Fotos: Claudia Blake
Fotos: Claudia Blake

WIE ALLES BEGANN – MEIN WEG MIT THE WORK

Ich stolperte 2015 in einem Vortrag über "The Work" und fühlte mich sofort angesprochen. Also kaufte ich mir Byron Katies Standardwerk "Lieben was ist", las mich ein und fing einfach an. Ich workte über stressige Situationen in meinem Alltag und war verblüfft, welche Veränderungen ich erleben durfte. Ich fühlte mich entspannter und nahm wahr, dass ich gelassener wurde. Meine Beziehungen verbesserten sich, irgendwann stellte ich fest, dass ich viel mehr lachte. Auch die ständige Selbstkritik nahm ab. Ich mag Dinge, die funktionieren. Also blieb ich dran. Lange Zeit workte ich, weil sich mein Leben verbesserte. Heute worke ich, weil ich es liebe mich selbst zu erforschen. Jede Work ist wie eine Umarmung, die ich mir selbst schenke. Und auch das Wort "Selbstbewusstsein" hat für mich eine neue Bedeutung bekommen. Wenn ich meine Gedanken überprüfe, werde ich mir meiner Selbst mehr und mehr bewusst. Und das ist ein Prozess, den ich als sehr liebevoll empfinde und für den ich sehr dankbar bin.

 

Heute unterstütze ich vor allem Frauen und Mütter dabei einschränkende Glaubenssätze und Muster hinter sich zu lassen.
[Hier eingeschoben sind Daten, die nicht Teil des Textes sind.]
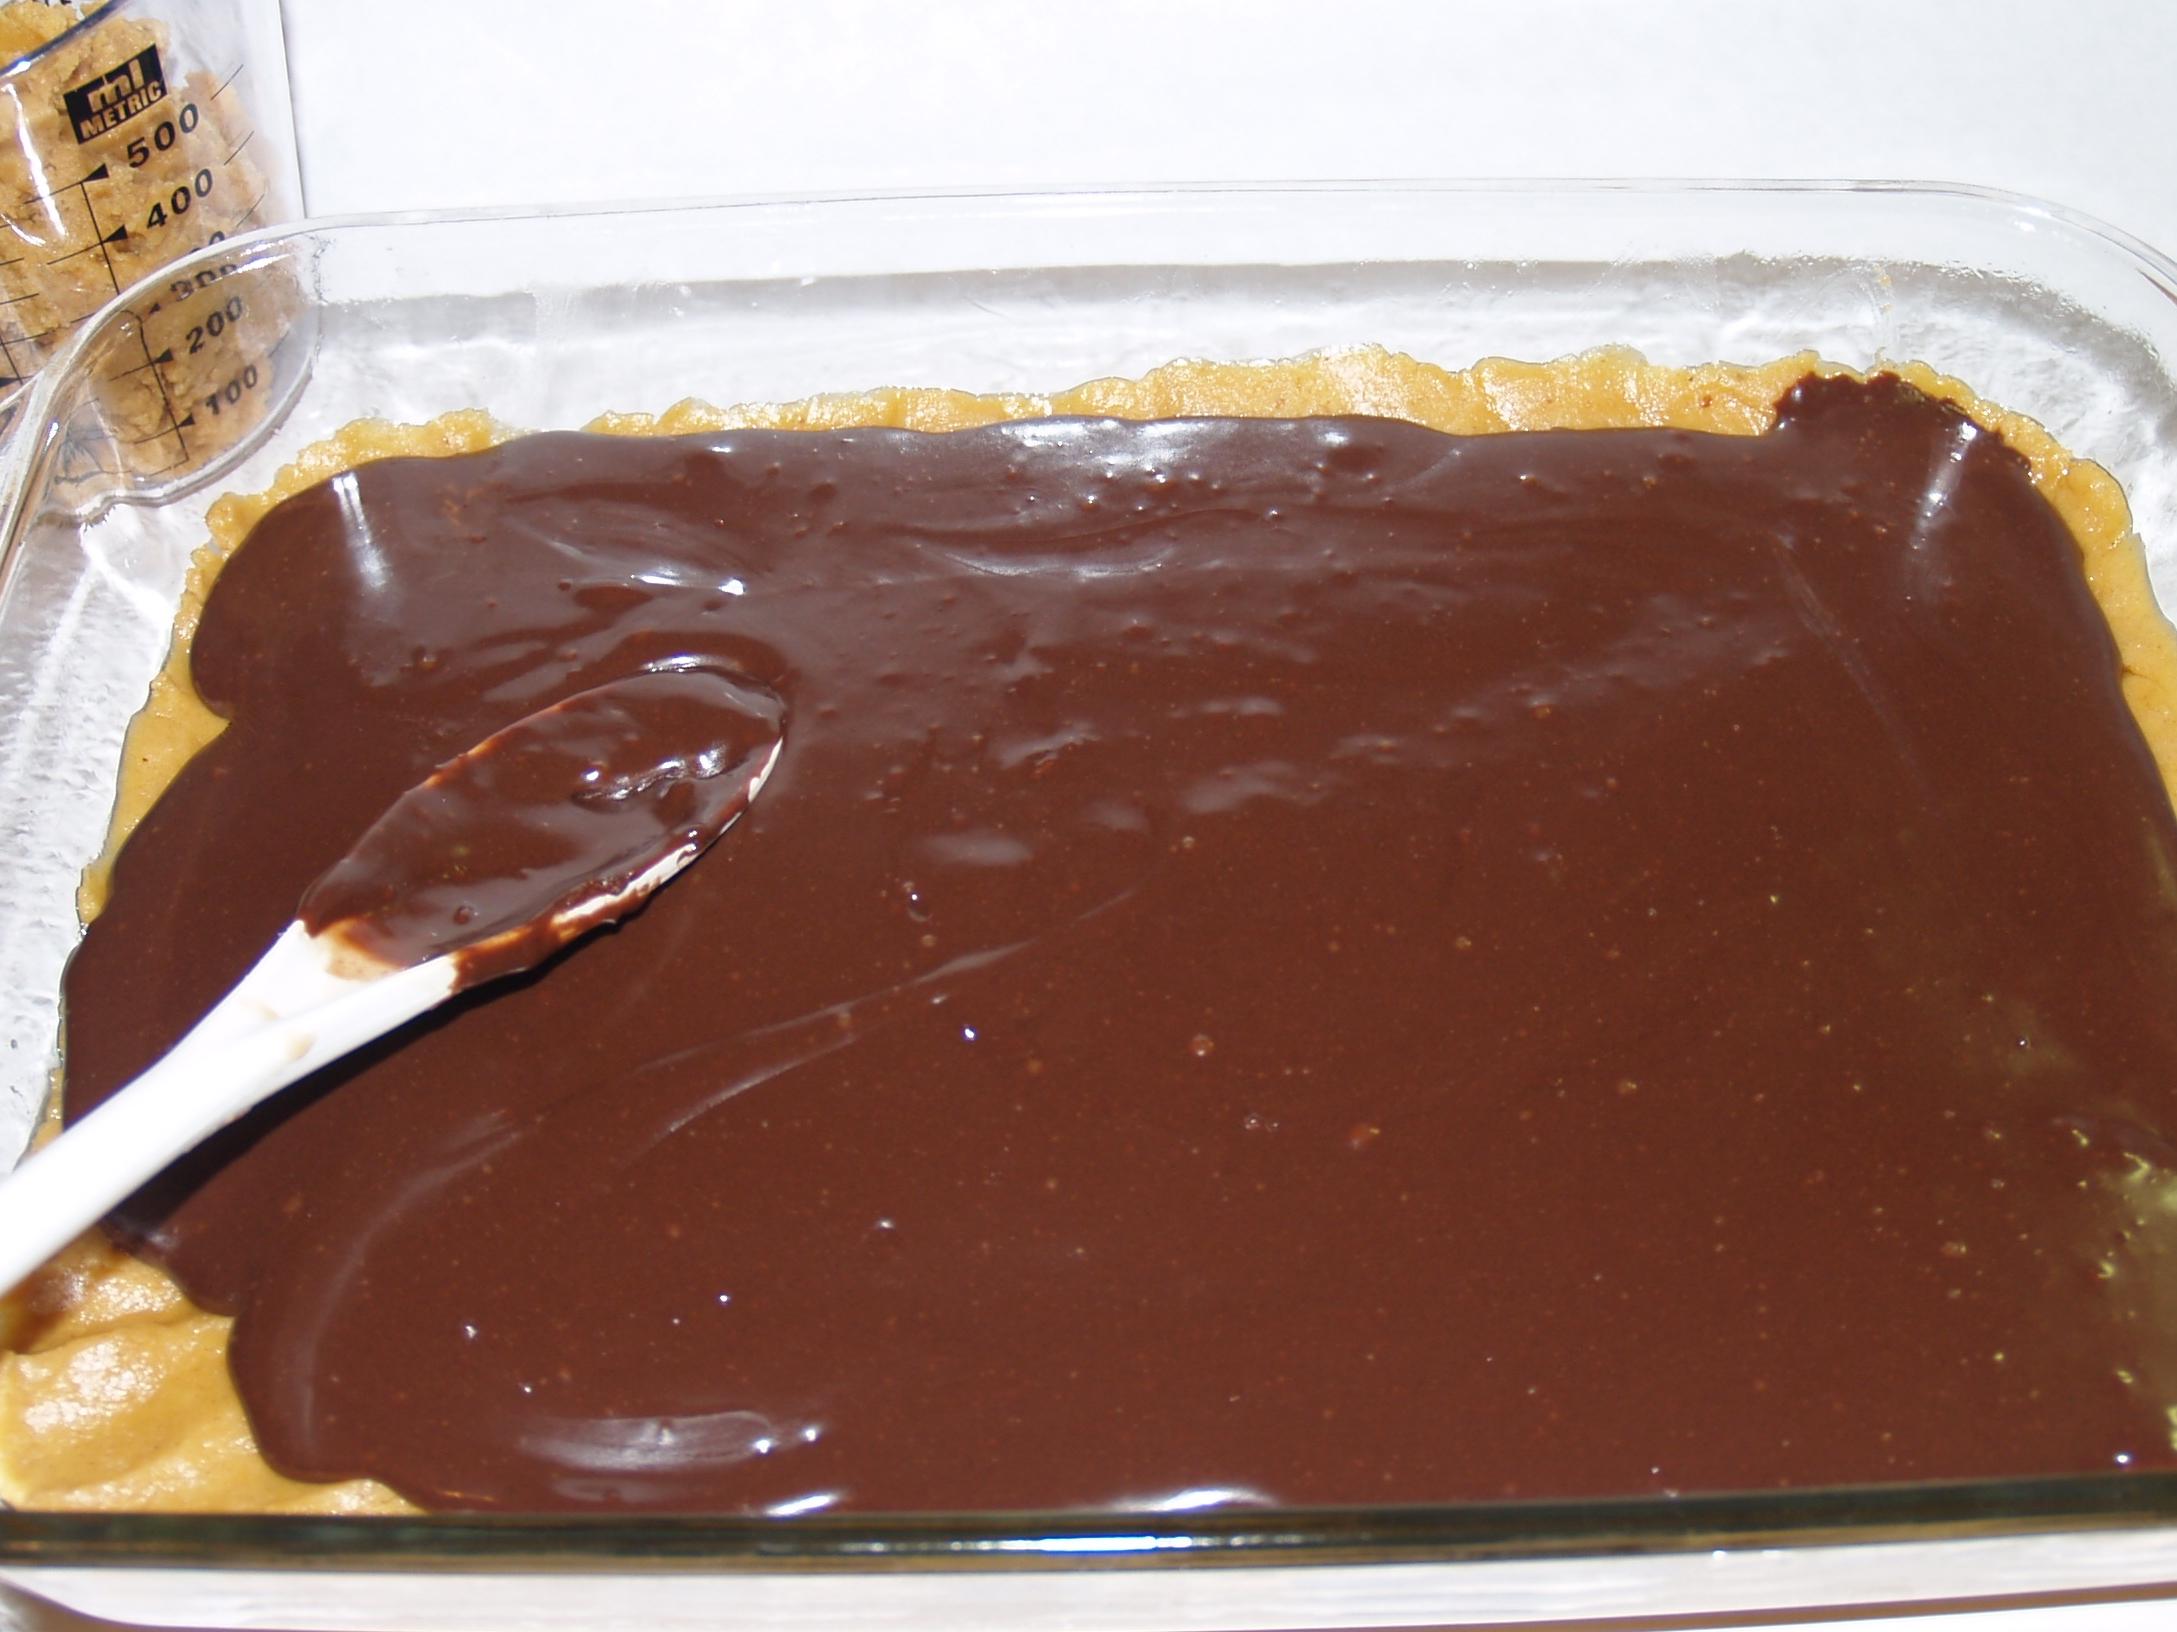 Chocolate Peanut Butter Banana Bars

Wie ich das mache? Ich zeige ihnen, wie sie mit The Work arbeiten und durch mein Vorleben erfahren sie, wie wirkungsvoll es ist, sich diese Zeit für sich zu nehmen. Und wie wichtig es ist, für sich selbst etwas zu tun und nach innen zu gehen. Der Schlüssel für Veränderung liegt in uns selbst. Niemand anderer kann ihn uns geben. Mit "The Work" zeige ich meinen TeilnehmerInnen eine der Türen, durch die sie gehen können, um ihn zu finden.